À peine le rapport de Gilles Johanet lui était-il remis, le 24 février dernier, que le ministre de la Santé Xavier Bertrand décidait de réunir l’ensemble des acteurs dès le mois de mars pour une vaste concertation, afin de discuter des onze propositions émises par l’ancien directeur de la Cnam, qui devrait prendre la tête du Comité économique des produits de santé (CEPS). Un sujet qui tient à cœur à Xavier Bertrand. En effet, en 2006, déjà ministre de la Santé, il s’était saisi du dossier : il avait notamment fait adopter un décret du 7 décembre 2006, qui prévoyait l’octroi d’une aide à la souscription à une assurance, comprise entre 9 400 euros et 11 500 euros. Le problème avait été momentanément réglé, jusqu’à ce que le coût des primes d’assurance reparte à la hausse…
Limitation à dix ans
Déjà auteur d’un premier rapport sur la RCP rendu à la fin de l’année dernière à Roselyne Bachelot, Johanet récidive donc en proposant cette fois-ci une véritable réforme de la RCP. Deux principales propositions sont émises. Johanet encourage ainsi le gouvernement à étendre à l’ensemble des professionnels de santé la limitation à dix ans de la mise en cause de la responsabilité du professionnel de santé, alors même qu’elle ne concernait que les chirurgiens, obstétriciens et sages-femmes. Cette extension à l’ensemble des professionnels de santé va de pair avec une extension à l’ensemble de l’activité de soins. « La généralisation de la limitation à dix ans […] aurait une portée pratique très réduite, car il n’existe pratiquement pas de mises en jeu au-delà de cette durée. »
Mutualisation
En deuxième lieu, le rapporteur propose la mutualisation de l’ensemble des professionnels de santé libéraux pour les sinistres supérieurs à 3 millions d’euros, via la création d’une surcotisation, accompagnée de la création d’un pool réunissant tous les assureurs RCM. « La mutualisation de l’ensemble des professionnels de santé répond au constat d’une extension progressive et déjà entamée de l’exposition au risque de toutes ces professions. Elle permet d’éviter l’apparition de nouveaux trous de garantie, qui serait liée, cette fois, à l’appartenance à une profession non couverte par le pool. La plage de couverture envisagée par la FFSA1 est de 6 à 8 millions d’euros pour le seuil inférieur, et de 15 à 25 millions d’euros pour le seuil supérieur. » Toutefois, les assureurs se refusent pour le moment à mettre en place une garantie illimitée.
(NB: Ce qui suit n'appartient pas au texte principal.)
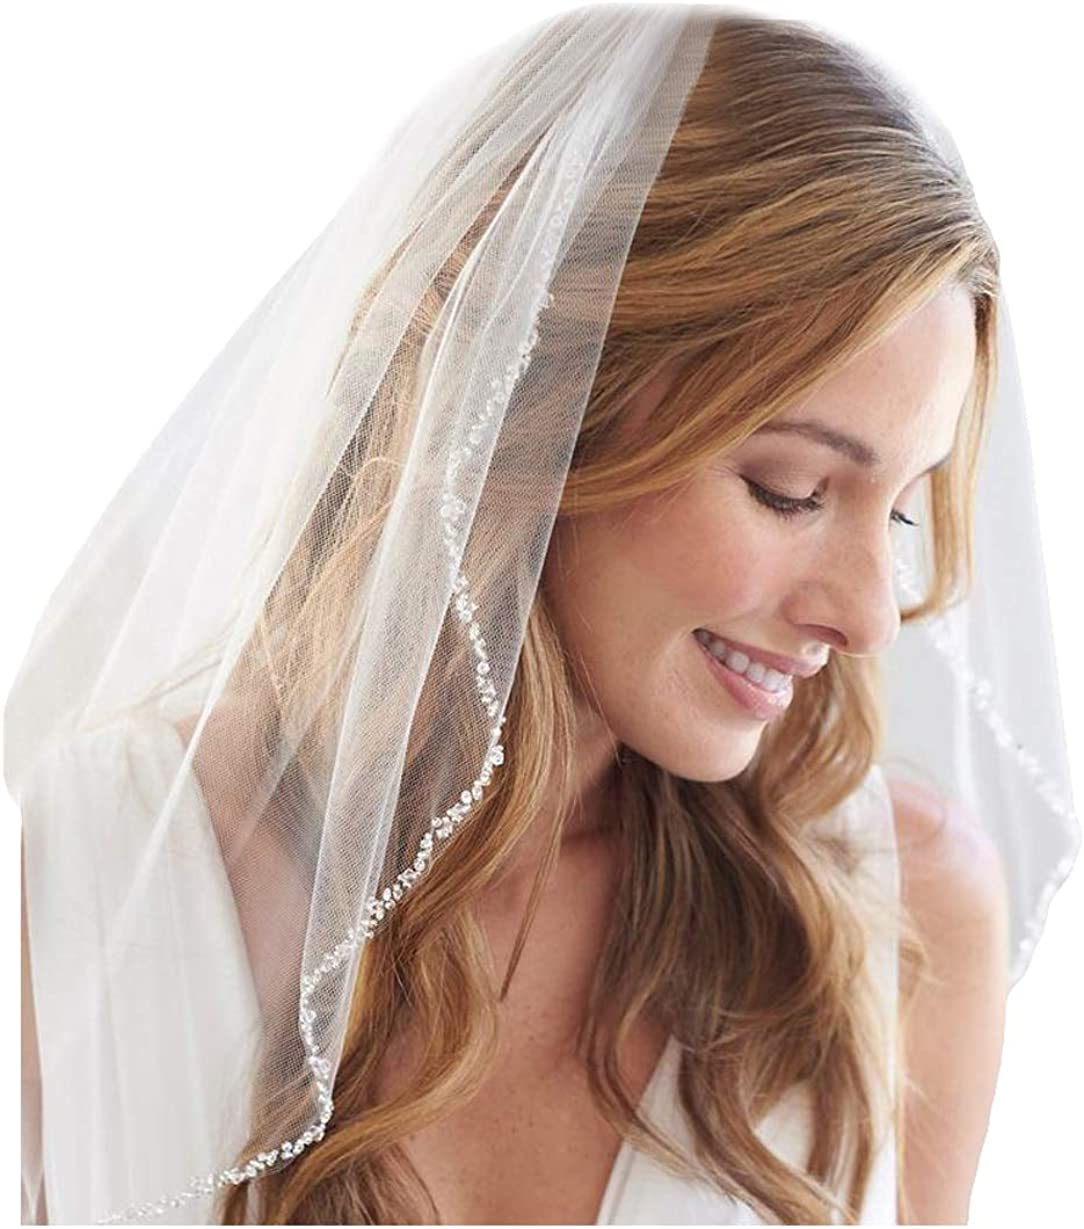 Fenghuavip Wedding Veil Fingertip Length Rhinestones Edge 1 Tier for Bride with Comb

Transparence et visibilité
Autre problème auquel s’attaque Johanet : le manque de visibilité de la situation de la responsabilité civile médicale (RCM) et de son évolution. La transparence en la matière « ne peut être atteinte, tant que les données et les comptes de l’assurance RCM sont fondus dans l’assurance de RC générale ».
Pour clarifier le dispositif de RCM, Johanet préconise l’autonomie comptable de l’assurance RCM, la prise en charge par l’Observatoire des risques médicaux du rapport de l’ACP, l’expertise du provisionnement des sinistres.
Haute Autorité de santé
La prévention des risques fait également l’objet de propositions : « Une approche pragmatique de la prévention s’impose, ce qui revient à placer les praticiens au cœur de la démarche de prévention. Les organismes agréés par la Haute Autorité de santé pour l’accréditation paraissent les mieux placés pour organiser la prévention. » Pour prévenir ces sinistres, le rapport encourage la mise à disposition des expertises de sinistres aux organismes agréés par la HAS.
Barème unique d’indemnisation
Autre mesure phare : l’instauration d’un barème unique d’indemnisation. « L’adoption d’un référentiel unique d’indemnisation », également prévue par la proposition de loi, sous une forme atténuée, puisqu’est évoquée « une nomenclature non limitative des postes de préjudice qui ne peut être retenue que s’il est clair que son emploi est indicatif, ce qui est le cas du référentiel de l’Oniam2 ». Deux autres propositions, selon le rapport, sont de nature à sécuriser le processus d’indemnisation. La première vise à encourager la médiation en cas de sinistre, en rendant « inopposable aux assureurs le contenu des déclarations des praticiens effectuées dans le cadre d’une médiation ». La seconde consiste à effectuer une étude visant à mieux définir le champ de la responsabilité des professionnels de santé, en suivant deux axes : la formalisation du devoir d’information du praticien, et la définition de ce devoir d’information.
1. Fédération française des sociétés d’assurance.
2. Office national d’indemnisastion des accidents médicaux.